POLITIQUE
12/05/2016 04:15 EDT | Actualisé 12/05/2016 04:18 EDT

Aide médicale à mourir: amendements significatifs en vue au Sénat

KatarzynaBialasiewicz via Getty Images
A doctor breaking the news to his sick patient

Un blocage de l'adoption du projet de loi sur l'aide médicale à mourir au Sénat s'impose de plus en plus comme un scénario plausible.

Le président du comité sénatorial qui poursuivait jeudi sa préétude du projet de loi C-14, Bob Runciman, a soutenu que l'on devait «absolument» s'attendre à ce que le projet de loi subisse des modifications significatives du côté de la chambre haute.

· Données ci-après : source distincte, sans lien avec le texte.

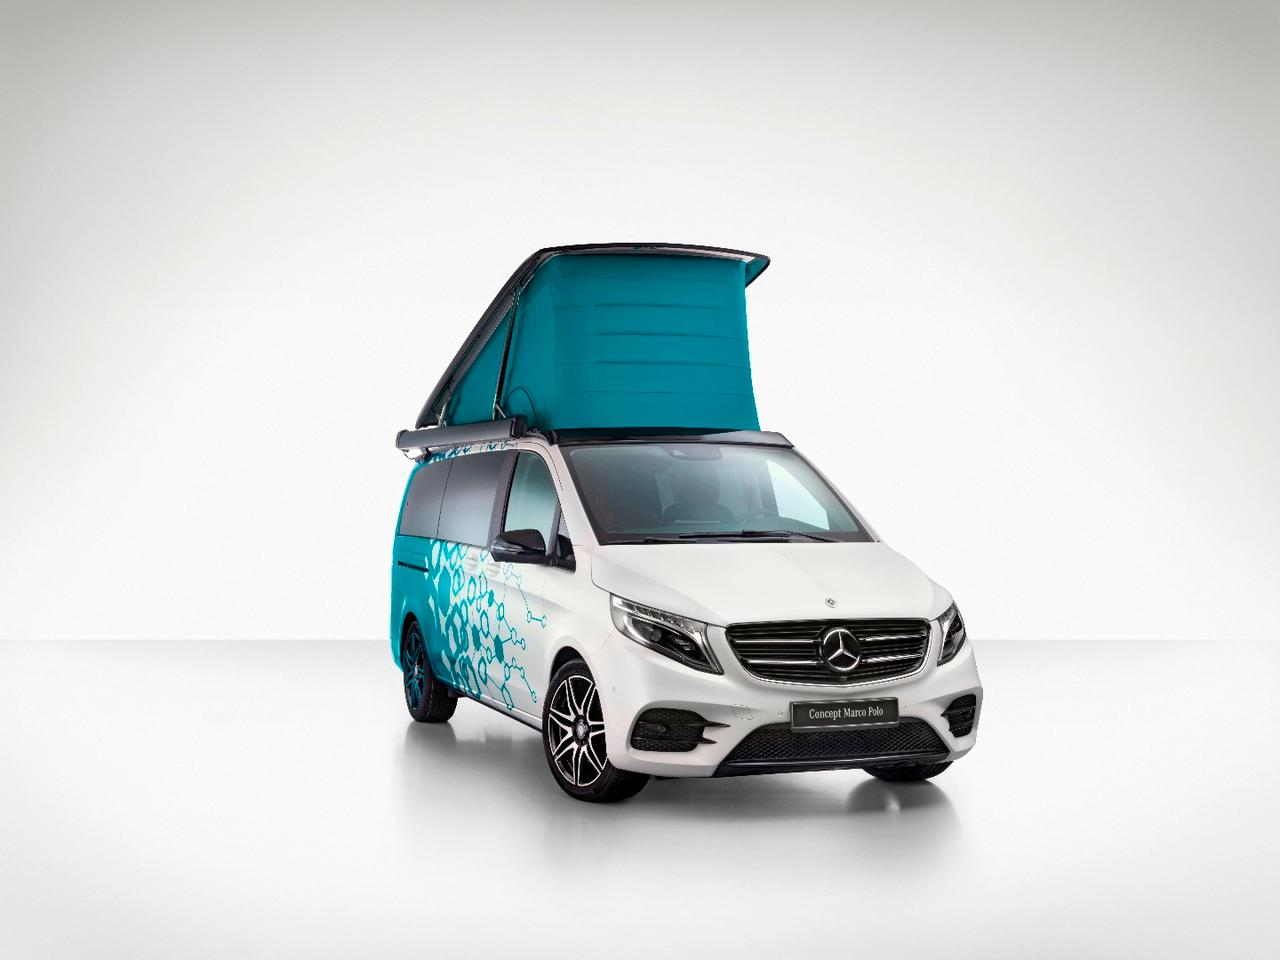 The Concept Marco Polo exploresmore integrated camper van control

Il semble que plusieurs sénateurs ne soient pas prêts à conserver dans C-14 le critère de mort naturelle raisonnablement prévisible - contesté par des juristes et des représentants du domaine médical -, contrairement à ce qu'ont décidé les libéraux du comité de la Chambre.

C'est le cas du nouveau sénateur du Québec André Pratte, qui aurait lui-même un «gros problème» à donner son aval au projet de loi en l'absence d'un amendement sur le critère.

«On n'est pas rendu à l'étape du conflit ultime. Moi, ma perception, c'est que cette question-là m'apparaît être une question assez fondamentale pour que le Sénat se pose sérieusement la question», a-t-il dit à La Presse Canadienne en marge de la réunion du comité, jeudi matin.

La Chambre des communes devrait idéalement avoir le dernier mot sur les projets de loi, «sauf quand il s'agit d'une question de droits fondamentaux», l'une des «fonctions premières» du Sénat étant de protéger ces droits, en particulier ceux des minorités, a par ailleurs plaidé M. Pratte.

Ses collègues sénateurs libéraux indépendants Serge Joyal et James Cowan ont tous deux prévenu la semaine dernière qu'une absence de loi sur l'aide médicale à mourir leur semblait préférable à une loi boiteuse.

Le comité de la justice et des droits de la personne de la Chambre a bouclé mercredi son étude détaillée de C-14, après un peu plus de dix heures de travaux. Des amendements ont été apportés au projet de loi, mais rien de substantiel n'a été modifié.

Critique acerbe du CMQ

Au concert de critiques sur le projet de loi s'est par ailleurs ajoutée celle du Collège des médecins du Québec (CMQ), qui a passé à la moulinette le projet de loi sur l'aide médicale à mourir concocté par le gouvernement libéral.

Le secrétaire de l'ordre professionnel, le docteur Yves Robert, accuse carrément les législateurs fédéraux de «se contreficher des médecins» dans ce dossier pourtant extrêmement délicat.

«Le problème qui nous choque, nous, c'est que ça règle peut-être le problème politique, mais ça ne règle pas la question et le problème pour les médecins qui sont sur le terrain et qui ont à gérer des vrais cas», a-t-il reproché en entrevue téléphonique avec La Presse Canadienne.

Le docteur Robert a cité en exemple le critère de la mort naturelle raisonnablement prévisible, une notion tout simplement «ininterprétable» qui ne revêt par ailleurs «aucune connotation clinique pour un médecin».

Le médecin gériatre David Lussier abonde dans le même sens, faisant valoir qu'une erreur d'interprétation du critère est lourde de conséquences pour les professionnels de la santé.

«Disons que moi, j'interprète le critère d'une certaine façon, mais que j'ai tort, les implications sont graves. Ça veut dire que les exemptions du Code criminel ne s'appliquent pas, donc que je peux être condamné à deux ans de prison», a-t-il exposé.

«C'est grave! Au Québec, c'est une mesure disciplinaire du Collège des médecins. Mais au fédéral, c'est une accusation criminelle. Les médecins ne voudront pas s'embarquer là-dedans, c'est sûr», a enchaîné le docteur Lussier.

Le secrétaire du CMQ est d'avis qu'il serait «beaucoup moins compliqué», pour les médecins du Québec, «de ne pas avoir de loi fédérale que d'en avoir une».

Car la mesure législative qu'espèrent faire adopter les libéraux se situe selon lui «quelque part dans une zone nébuleuse entre le jugement de la Cour suprême et la loi du Québec (sur les soins de fin de vie), sans critères d'interprétation».

Et ultimement, ce sont les médecins qui vont écoper, a-t-il regretté.

«Le fardeau, au bout de la ligne, n'est pas sur les épaules des législateurs. Le fardeau va être sur les épaules des médecins. Ce sont eux qui vont être pris avec les cas et avec les demandes», a-t-il lâché.